[Data records]
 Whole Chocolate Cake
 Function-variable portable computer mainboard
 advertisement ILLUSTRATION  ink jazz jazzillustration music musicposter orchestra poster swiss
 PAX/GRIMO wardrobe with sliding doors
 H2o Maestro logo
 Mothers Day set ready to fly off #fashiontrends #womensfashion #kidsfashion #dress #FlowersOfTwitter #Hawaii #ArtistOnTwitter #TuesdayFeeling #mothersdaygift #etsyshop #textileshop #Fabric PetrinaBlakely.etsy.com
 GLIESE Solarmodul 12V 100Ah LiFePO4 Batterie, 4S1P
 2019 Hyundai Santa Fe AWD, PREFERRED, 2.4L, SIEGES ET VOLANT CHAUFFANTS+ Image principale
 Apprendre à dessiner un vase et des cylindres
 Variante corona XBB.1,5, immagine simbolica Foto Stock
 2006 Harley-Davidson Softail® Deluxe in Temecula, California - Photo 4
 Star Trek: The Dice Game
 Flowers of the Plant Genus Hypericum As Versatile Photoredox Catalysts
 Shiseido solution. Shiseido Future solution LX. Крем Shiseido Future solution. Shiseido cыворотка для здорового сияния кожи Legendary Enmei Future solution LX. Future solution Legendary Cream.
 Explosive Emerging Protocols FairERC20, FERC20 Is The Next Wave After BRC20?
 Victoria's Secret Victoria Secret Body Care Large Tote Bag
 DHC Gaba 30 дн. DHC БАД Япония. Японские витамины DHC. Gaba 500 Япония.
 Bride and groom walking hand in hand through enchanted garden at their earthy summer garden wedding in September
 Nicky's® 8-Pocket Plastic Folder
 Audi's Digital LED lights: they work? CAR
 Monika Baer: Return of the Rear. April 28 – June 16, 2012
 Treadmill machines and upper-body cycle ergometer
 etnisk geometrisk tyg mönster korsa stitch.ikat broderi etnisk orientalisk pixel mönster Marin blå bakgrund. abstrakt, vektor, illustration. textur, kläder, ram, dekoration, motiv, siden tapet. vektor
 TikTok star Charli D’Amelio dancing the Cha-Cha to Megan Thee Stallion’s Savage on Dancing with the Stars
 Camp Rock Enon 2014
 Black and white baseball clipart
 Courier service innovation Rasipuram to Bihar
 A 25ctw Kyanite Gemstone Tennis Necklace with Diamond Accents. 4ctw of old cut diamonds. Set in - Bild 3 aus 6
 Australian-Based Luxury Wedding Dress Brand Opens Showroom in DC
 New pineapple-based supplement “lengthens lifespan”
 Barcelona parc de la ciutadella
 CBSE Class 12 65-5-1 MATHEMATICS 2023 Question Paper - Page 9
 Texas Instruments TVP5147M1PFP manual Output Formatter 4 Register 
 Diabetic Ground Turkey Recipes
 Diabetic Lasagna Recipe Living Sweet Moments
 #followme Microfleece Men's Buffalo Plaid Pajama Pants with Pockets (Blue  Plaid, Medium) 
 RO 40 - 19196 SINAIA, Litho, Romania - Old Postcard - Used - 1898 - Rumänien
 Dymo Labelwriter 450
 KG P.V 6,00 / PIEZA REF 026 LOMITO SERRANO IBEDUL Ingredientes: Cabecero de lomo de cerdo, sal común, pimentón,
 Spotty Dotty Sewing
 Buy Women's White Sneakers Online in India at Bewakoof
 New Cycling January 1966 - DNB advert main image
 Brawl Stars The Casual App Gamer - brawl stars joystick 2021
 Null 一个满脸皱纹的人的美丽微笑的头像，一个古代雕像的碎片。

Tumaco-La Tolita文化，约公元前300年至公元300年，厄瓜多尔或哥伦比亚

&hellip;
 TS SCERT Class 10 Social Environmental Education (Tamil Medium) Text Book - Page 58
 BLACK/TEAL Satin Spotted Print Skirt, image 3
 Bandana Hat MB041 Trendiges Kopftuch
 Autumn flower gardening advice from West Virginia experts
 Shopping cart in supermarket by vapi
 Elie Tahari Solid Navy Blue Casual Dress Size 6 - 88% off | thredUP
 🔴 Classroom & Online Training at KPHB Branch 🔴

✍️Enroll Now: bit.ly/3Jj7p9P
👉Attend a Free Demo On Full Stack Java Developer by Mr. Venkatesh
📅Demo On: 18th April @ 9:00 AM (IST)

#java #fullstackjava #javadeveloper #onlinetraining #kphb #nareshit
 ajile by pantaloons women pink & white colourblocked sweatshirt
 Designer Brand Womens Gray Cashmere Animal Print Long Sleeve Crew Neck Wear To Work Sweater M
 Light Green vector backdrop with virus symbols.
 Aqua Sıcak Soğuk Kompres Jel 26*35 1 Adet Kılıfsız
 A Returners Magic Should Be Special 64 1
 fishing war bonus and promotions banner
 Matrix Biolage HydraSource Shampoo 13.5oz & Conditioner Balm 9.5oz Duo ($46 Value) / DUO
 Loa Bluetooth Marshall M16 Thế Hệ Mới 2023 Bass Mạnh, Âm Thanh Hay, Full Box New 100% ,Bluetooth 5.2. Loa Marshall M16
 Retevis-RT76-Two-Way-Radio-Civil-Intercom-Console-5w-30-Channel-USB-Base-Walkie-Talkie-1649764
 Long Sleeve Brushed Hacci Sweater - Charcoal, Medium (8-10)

§ **WHAT THE EXERCISE ASKS**
Print exactly the lines above from the one with "Autumn flower gardening" to the one with "Designer Brand Womens", including both.

§ **TASK SOLUTION**
 Autumn flower gardening advice from West Virginia experts
 Shopping cart in supermarket by vapi
 Elie Tahari Solid Navy Blue Casual Dress Size 6 - 88% off | thredUP
 🔴 Classroom & Online Training at KPHB Branch 🔴

✍️Enroll Now: bit.ly/3Jj7p9P
👉Attend a Free Demo On Full Stack Java Developer by Mr. Venkatesh
📅Demo On: 18th April @ 9:00 AM (IST)

#java #fullstackjava #javadeveloper #onlinetraining #kphb #nareshit
 ajile by pantaloons women pink & white colourblocked sweatshirt
 Designer Brand Womens Gray Cashmere Animal Print Long Sleeve Crew Neck Wear To Work Sweater M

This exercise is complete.